3. Significance of the Election

  The standard analysis of McGovern's failure (e.g., Tom Wicker's in the New York Times Magazine on the Sunday preceding the election) completely ignores what is perhaps the most important point – that most people in this country are conservative in outlook and tend to see the world pretty much in the same terms that Nixon does. Most liberals tend to fall into the trap (in seeking to explain the McGovern defeat) of either (a) pointing out all the mistakes McGovern made, implying that if he had followed a different course he would have won, or (b) complaining that the Nixon forces were very clever in manipulating public opinion, so that the U.S. public was duped, thus implying that if only the news hadn't been so biased the public would have seen the truth of the liberal position and would have agreed with and voted for McGovern.

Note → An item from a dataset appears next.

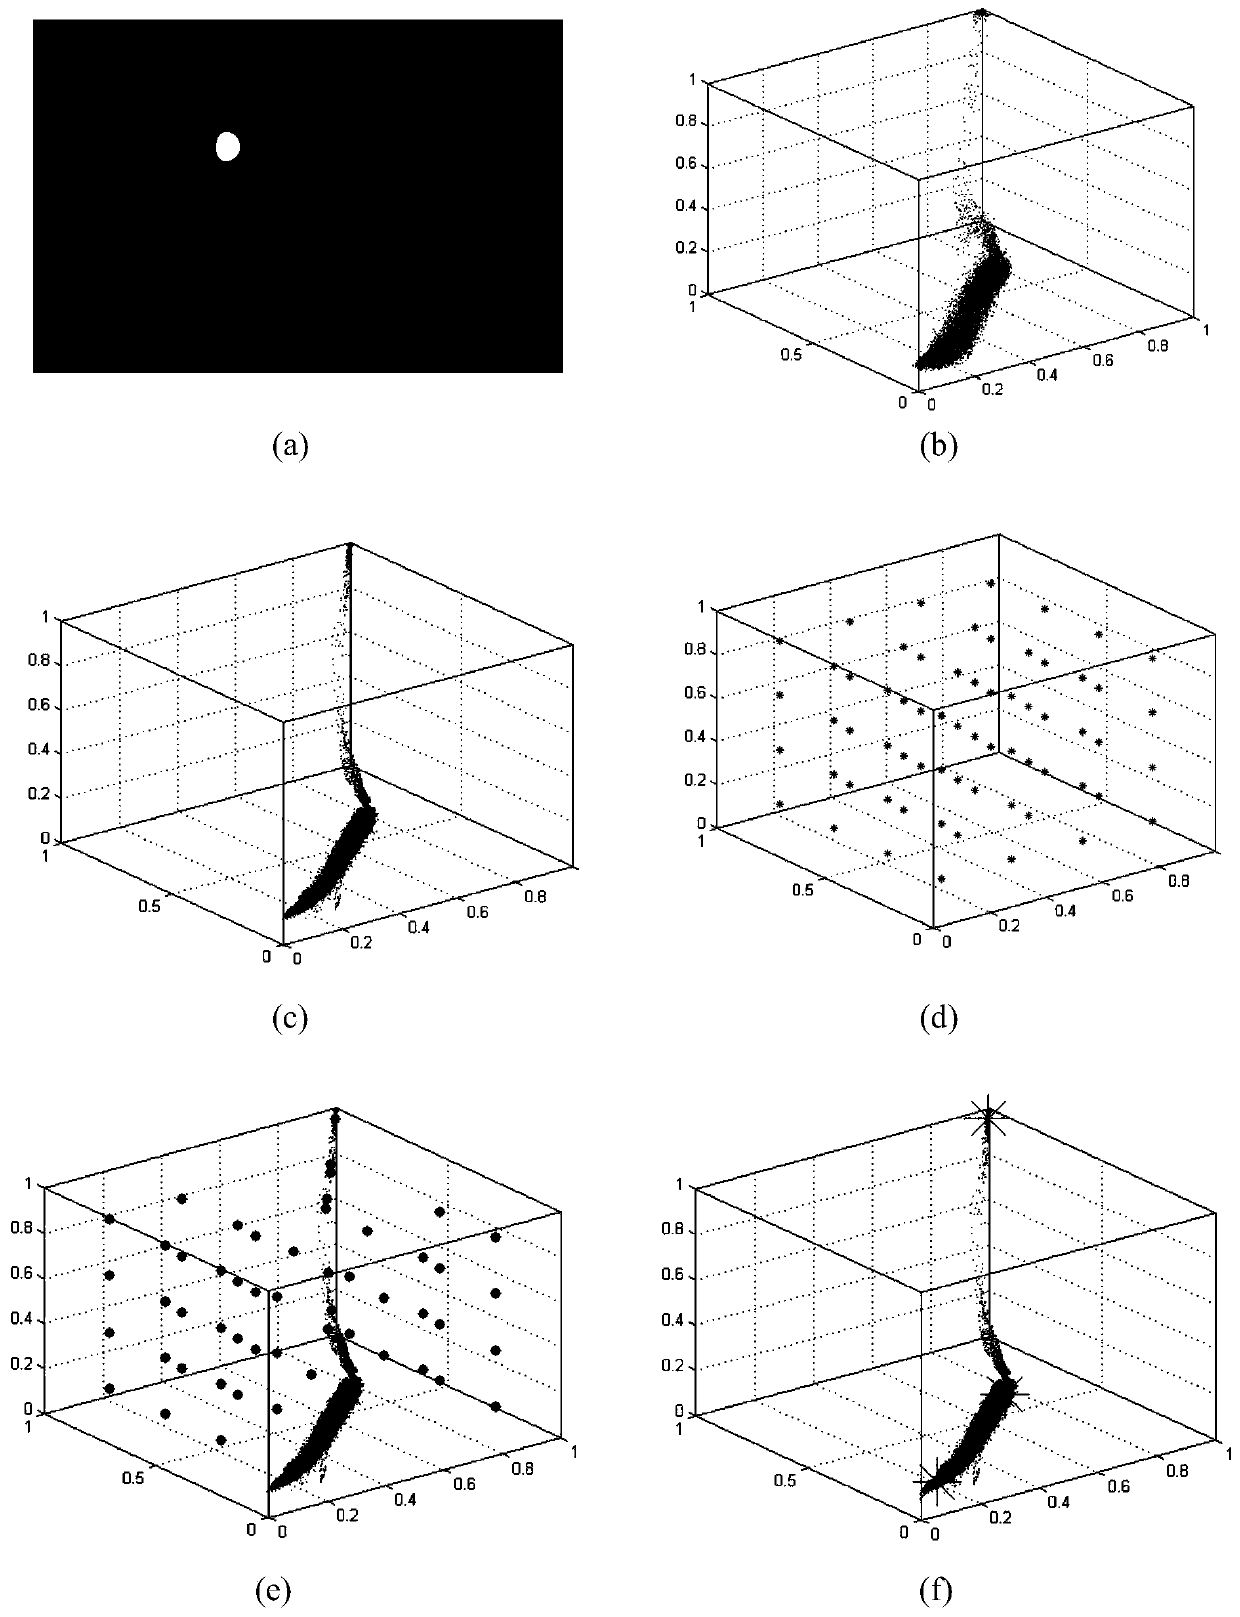 Unsupervised Segmentation of Natural Images Based on Mean Shift and Fuzzy Clustering
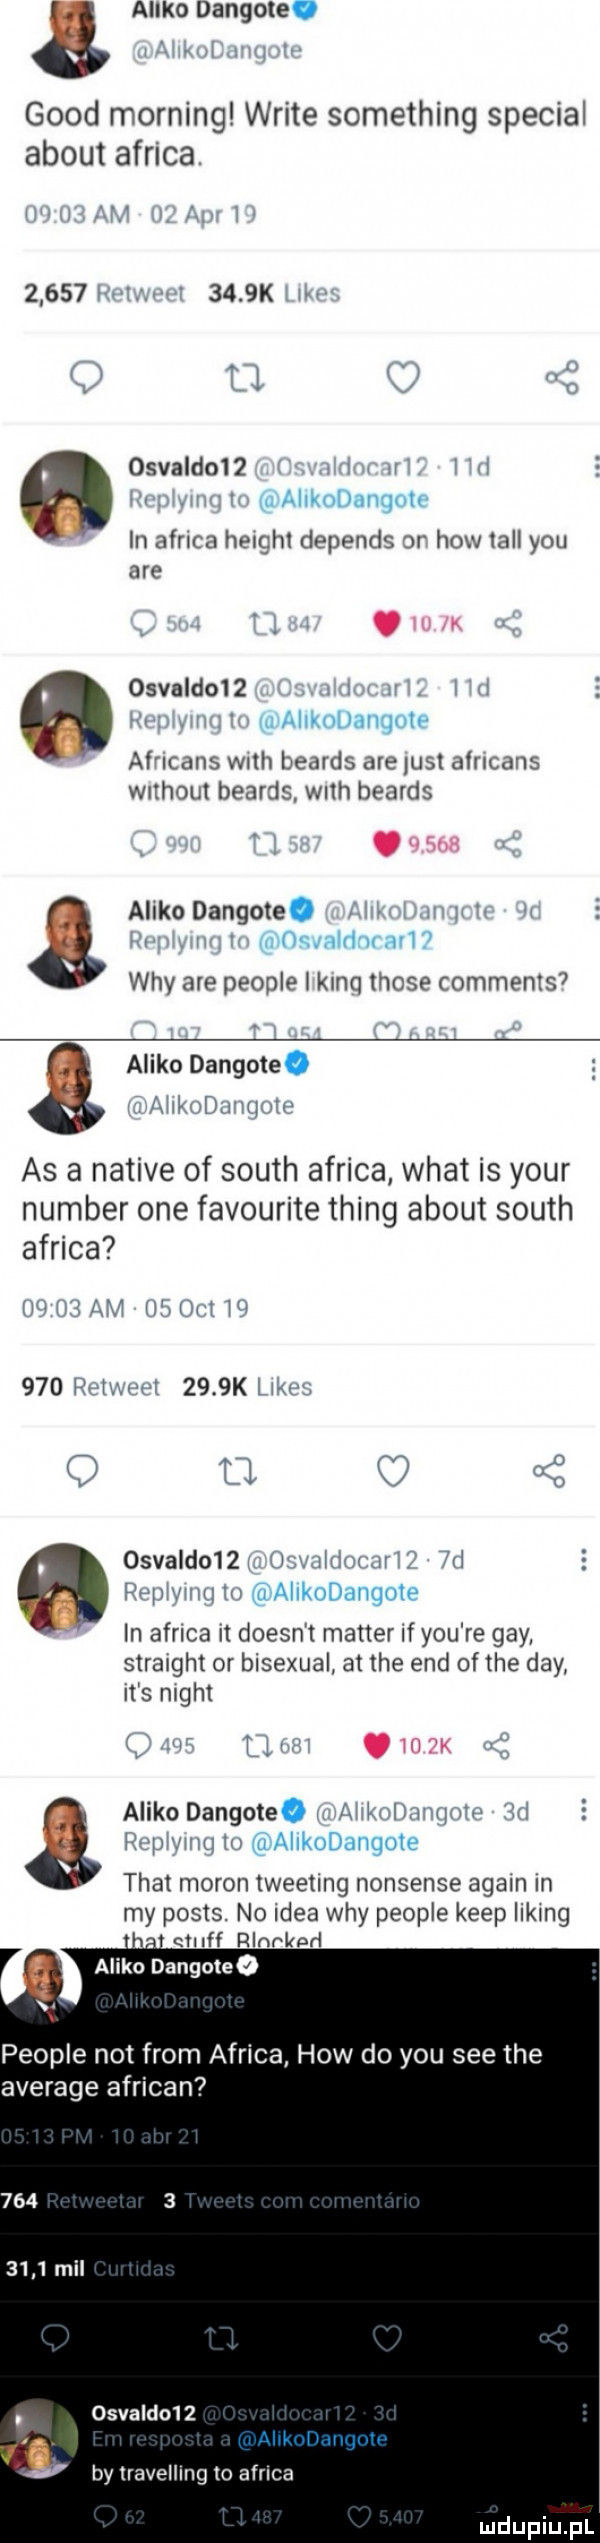 aniko dangote. geod morfing wbite something special abort africa           k l i osfald    i ii ilf kalk l dl j l in africa herriot depends di hiw tall y-u are osfald    i f ilikivliaiqiiis af irons with heads are iust aliicans wi hort bear is with beaids aniko dangote. ox iii ii ibl  wdy are people kinu those comments . aniko dangotee i i il ii iii i ii as a native of south africa wiat is your number one favourite thing abort south africa ll i am il i iii w     hi ti i iiit     k im n if straight or bisexual at tee end of tee dcy ihs night ll oswaldo   i i i il i ii i il l i iii iii ilii i i iaiikodangote in africa it doesnt master if y-u re gay aniko dangoteo i ibl iii ii ilii i i i iii ilialikodarigote trat maron tweeting nonsense alain in my posts. no idea wdy people kiep lising h. riff rlnrknd aniko dangoteo people not from africa hiw do y-u sie tee average african oswaldo   t bytravellingto africa

  These are very superficial arguments. It seems to me that most people did understand and vote the issues. Neither candidate was a personality, and thus the election reflected real differences in world outlook to a very large degree, certainly more so than would have been the case if Ted Kennedy had run on the liberal ticket. What the `he flubbed it' and the `they were duped' theories ignore is nothing less than the prevailing ideology of the majority of the American people. Thus rather than seeking to explore the social origins and structural roots of this ideology, these journalistic accounts stop at moralistic outrages against manipulation and complaints against McGovern's mistakes.

  There can be no doubt that people have been duped. But this is no temporary or superficial mis-education that could have been reversed with simply a more honest news reporting. Rather this `being duped' is more in the nature of a false consciousness. That is, it is tantamount to a world outlook that is of long standing duration and which has solid roots in the social structure of the country. This is what needs to be analyzed. The real question is: what are the mechanisms through which this false mentality is brought into being, maintained, and perpetually renewed. Not the least of these mechanisms is the electoral process itself. Add to that the school system, upward mobility, the separation of powers, the U.S. constitution, ruling class control of mass media, and so forth, and you begin to get at it a little bit. (I wrote recently about the mechanisms for the perpetuation of the petty bourgeois mentality, which is also relevant here.)

  It goes without saying that there is never any mention of class in these analyses, even though class is obviously a key factor. Ninety percent of top businessmen, it is reported, voted for Nixon. The petty bourgeoisie probably supported Nixon only slightly less overwhelmingly. But this doesn't tell us much. That capitalists support Nixon is not too surprising. That is not a question of false consciousness at all, but a question of supporting clear interests. But most of the 80 million people who voted (61% for Nixon) were not bourgeois or petty bourgeois, but were proletarian. The important question is why proletarians voted for Nixon.

  I am getting into trouble here. McGovern's liberalism is no less petty bourgeois than Nixon's conservatism, although it is less viable as a ruling class ideology, but it is still petty bourgeois (or bourgeois?). What is the difference? What is the difference between Nixon's petty bourgeois mentality and McGovern's petty bourgeois mentality? Maybe the proletariat did vote its interests, given the alternatives. Maybe, given the system, Nixon's policies are better for the average person than McGovern's. That is, his policies make capitalism work better, make it deliver the goods as far as possible. Nixon is willing to pay the price of maintaining the system – genocide, corruption, dishonesty, degradation, imperialism, war. McGovern's views of the system are, as Agnew correctly put it, ``inconsistent, contradictory, and illusory.'' Maybe everyone saw it this way. Most people would have picked Nixon even if they had had a genuine alternative (i.e., a left alternative).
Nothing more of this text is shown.